The Grass is Singing by Doris Lessing
The dead body of Mary Turner opens the pages of this 1940s tale of life on a farm in southern Rhodesia (Zimbabwe). The timeline flips back to just before Mary married Dick Turner. Mary’s bad attitude (and racist outlook) goes from bad to worse as she realizes she made a big mistake marrying Turner and going to live with him on his remote farm. Their lives are bleak, bleak, bleak, punctuated only by arguments. A fascinating and depressing novel.

transcriptionistThe Transcriptionist by Amy Rowland
I read this back in August and know this short comment will not do it justice. Lena Respass is a transcriptionist at a New York Times-like newspaper. Her job is to put on a headset and type out what reporters have called in. I found Lena’s job and its setting delightfully old fashioned, a bit like the marketing firm in Calvin Trillin’s brilliant Tepper isn’t Going Out. The story pivots on the news that a blind woman is mauled by a lion after swimming the moat at the zoo. Turns out Lena had had a conversation with the woman on a bus just that week. She becomes obsessed with the blind woman’s story and plight and goes about finding out more. I found the book funny and enlightening and sad. Although I really liked it when I read it, I find I am liking it, perhaps even loving it, the more that I think back on it. Thanks to Leslie at This is the Refrain who recommended it to me during a book blogger meet-up at Capitol Hill Books.

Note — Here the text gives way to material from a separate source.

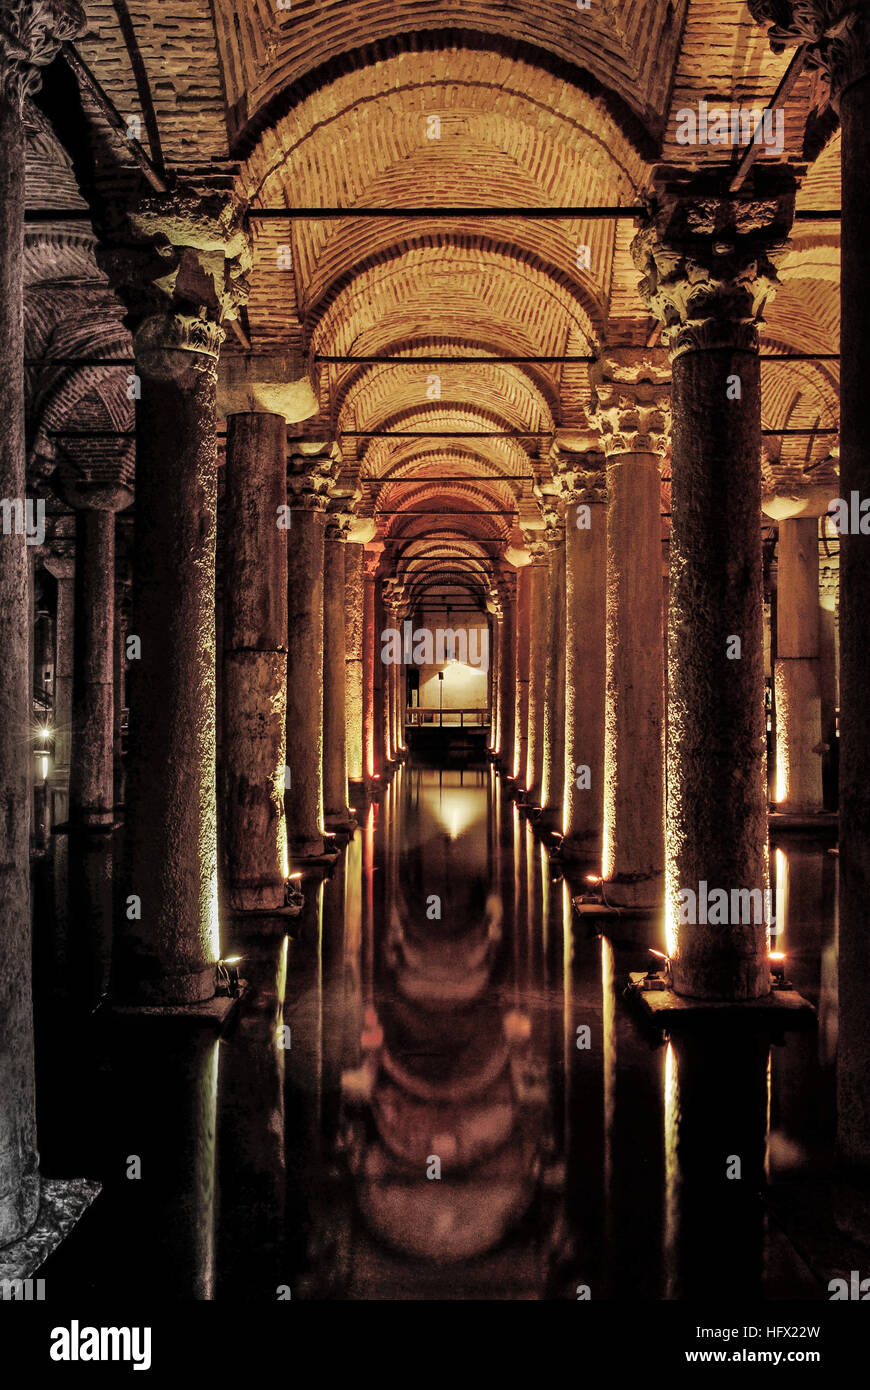 The Basilica Cistern, located in the crowded Eminonu district of Istanbul next to the Hagia Sophia, was built to provide water for the city of Istanbul during the reign of Emperor Justinian I in the 6th century CE. This cistern is an underground chamber of 138 x 64.6 metres. The large space is broken up by a forest of 336 marble columns, which are aesthetically supported by strong  columns and arches. The ceiling vaults, known as Manastir Tonozu (cloister vault), are built without using a mould. The cistern is surrounded by a firebrick wall with a thickness of 3.5 meters and is coated with a s Stock Photo
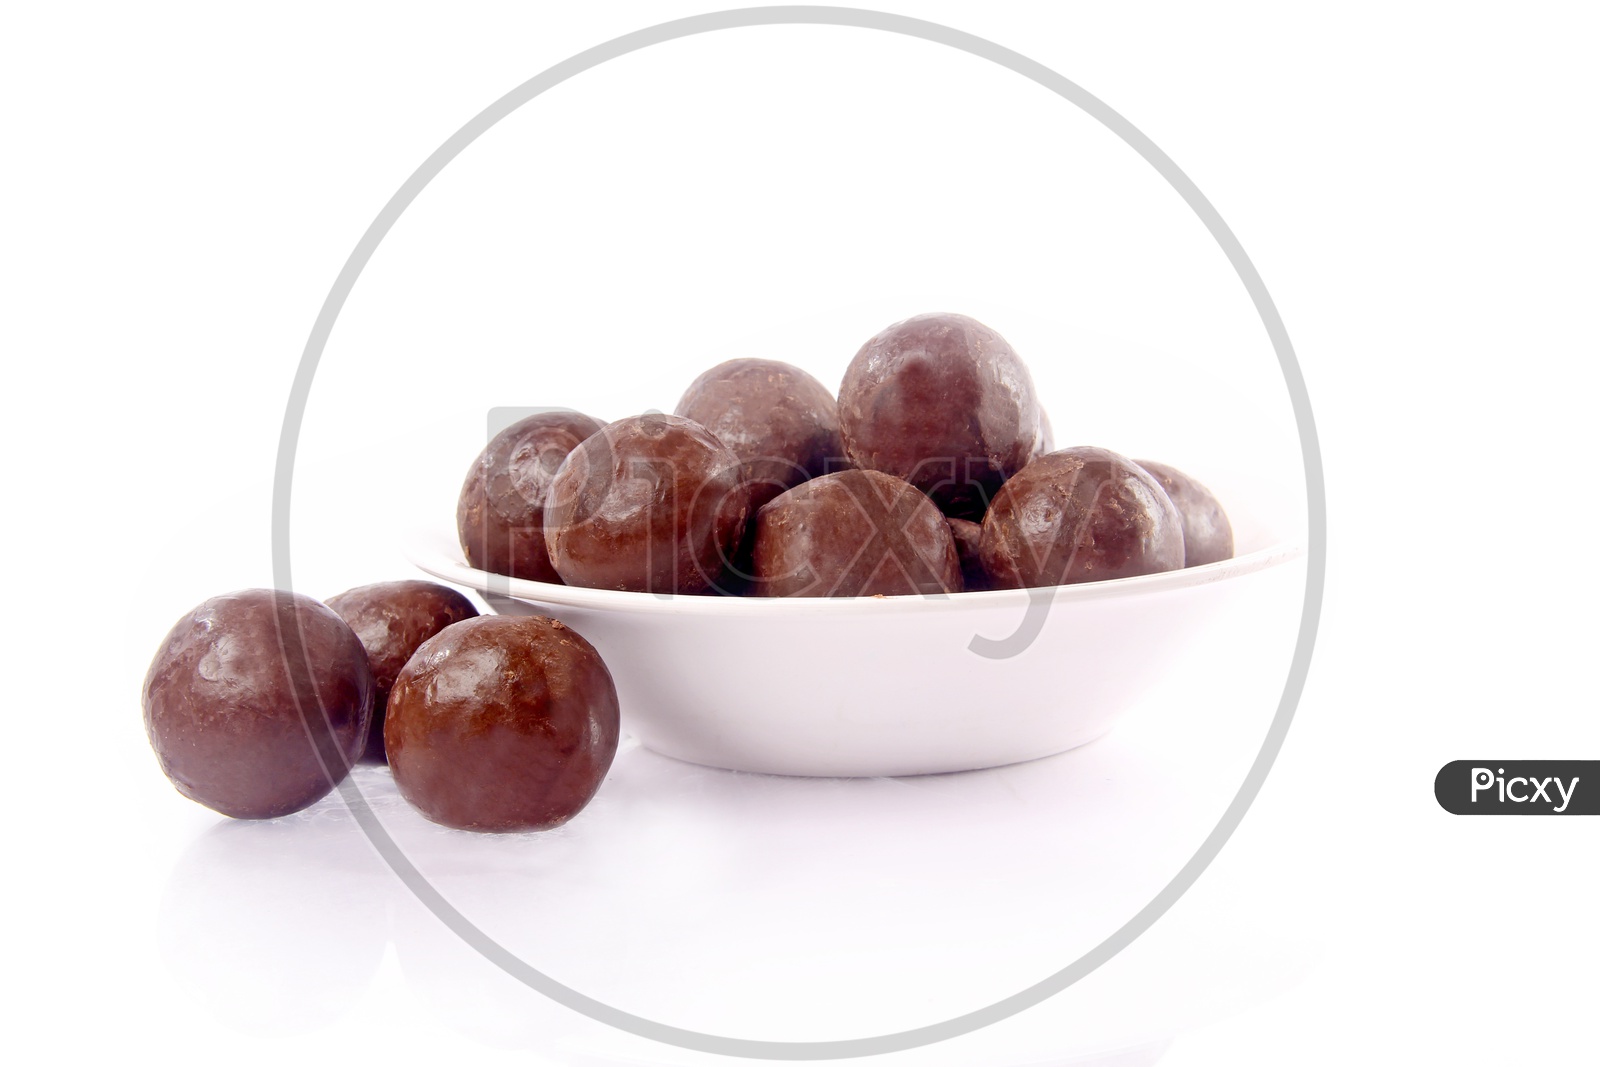 Chocolate Coated Hazel Nuts in a Bowl On an Isolated White Background

Death’s Dark Abyss by Massimo Carlotto
I enjoy Massimo Carlotto’s Italian hard-boiled detective fiction, but I feel there are misogynistic scenes that are worse than they need to be to convey the fact that his characters are misogynistic. One begins to feel like it’s indicative of Carlotto’s view as well as his characters’. Despite that, I find these books quick, enjoyable, if disturbing, reads.

Let’s Pretend this Never Happened by Jenny Lawson
Another hilarious memoir from a very funny, quirky blogger with lots of issues. I’m not sure what I would think if I read print versions of Lawson’s books, but she does an amazing job with her audiobooks. They had me laughing like crazy in the car. Just don’t listen to with kids around.

the-blue-guitarThe Blue Guitar by John Banville
I enjoyed this book so much more than I expected–my prior experience with Banville was just okay. This time around I was captivated and amused by washed-up painter Oliver O. Orme. He is a philandering kleptomaniac who is dealing with the fallout of stealing his friend’s wife. Banville has an interesting style that suits this quirky character well.

The Girl with the Lower Back Tattoo by Amy Schumer
This kind of comedian memoir book is almost always an audio book for me. They work really well in the car, making the time fly by. That was true of this book, and I love Schumer’s stand-up and sketch comedy, but I feel like she was really tired when she recorded most of this. Lots of funny stuff and plenty of serious stuff, but she just sounded somewhat sleepy and bored.  It was still funny, but I can’t help but feel that if she had put as much energy into it as say Rachel Dratch did with her audiobook or Jenny Lawson with hers, it would have been a lot better.